GIS and Remote Sensing
GIS and Remote Sensing in Disaster Risk Reduction (DRR)
The Disaster Risk Reduction Program at Florida International University (FIU) with support from the U.S. Agency for International Development Office of Foreign Disaster Assistance (USAID) and the Geographic Information Systems and Remote Sensing Research Center at FIU, have developed an online training in disaster risk assessment modeling.
The training encompasses three modules: 1) Digital Elevation Models and hydrological surface runoff modeling in a GIS environment; 2) Spatio-temporal precipitation estimates derived from remotely sensed data; and 3) Land cover / land use mapping using remote sensing. The purpose of the modules is to establish data processing procedures to elevate data and extract spatially explicit information from raw data that can be applied in disaster risk modeling, including to the Central American Probabilistic Risk Assessment (CAPRA), a modeling platform promoted by the World Bank, with support of CEPREDENAC, the Inter-American Development Bank (IDB), AND THE United Nations International Strategy for Disaster Reduction (UN-ISDR).

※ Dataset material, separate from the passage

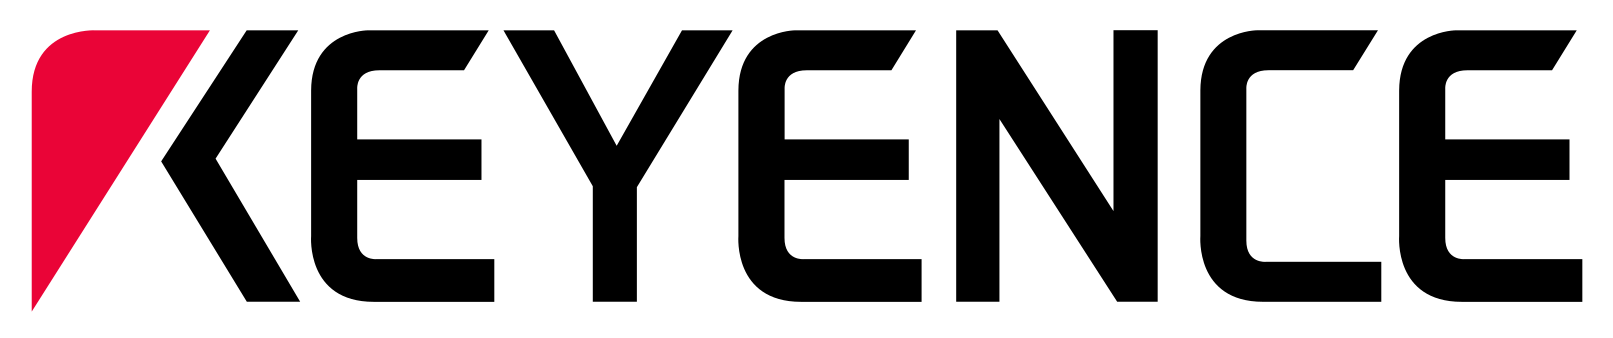 Keyence Logo
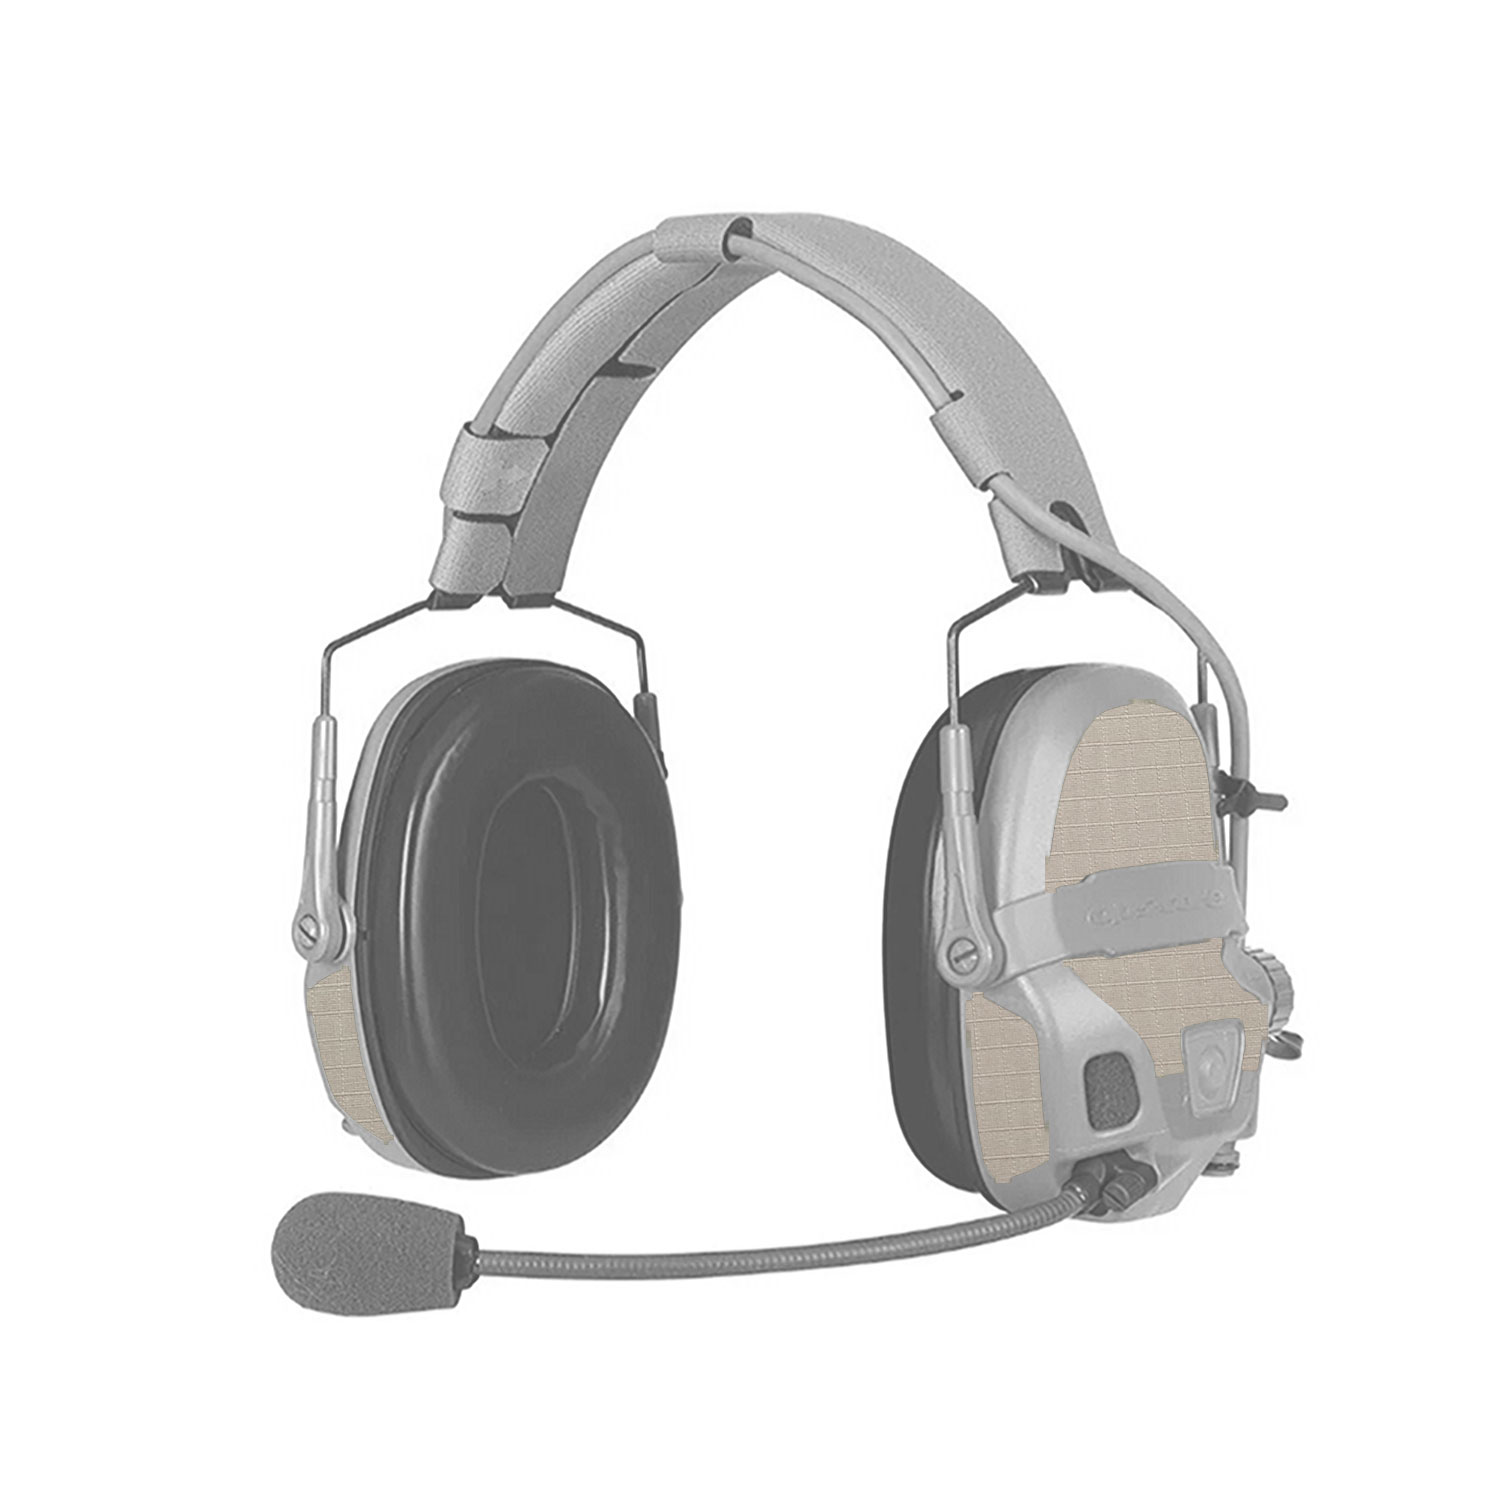 amp-headset-tan-2

The training needs were established in coordination with the World Bank and the ERN Consortium, developer of the CAPRA Platform. The modules provide alternative approaches and also guide the user in the decision-making process on choice of methods and potential data sources. For this purpose, each module will include essential questions that need to be answered to evaluate suitability of alternative routes that can be pursued to derive the necessary information. A major identified challenge in hazard modeling is the concept of scales in relation to model appropriateness and respective data needs at each scale of interest.
The online modules are distributed and accessible through a web portal. Participants will be given access to the portal to download training module materials and to upload completed assignments. The modules are to be taken consecutively and successfully completed three months after the start date.
The course is oriented to students with: (1) knowledge on mid-level statistics, (2) formal experience in geographic information systems and/or remote sensing modeling and, 3) some work experience in education or application of GIS and/or remote sensing modeling.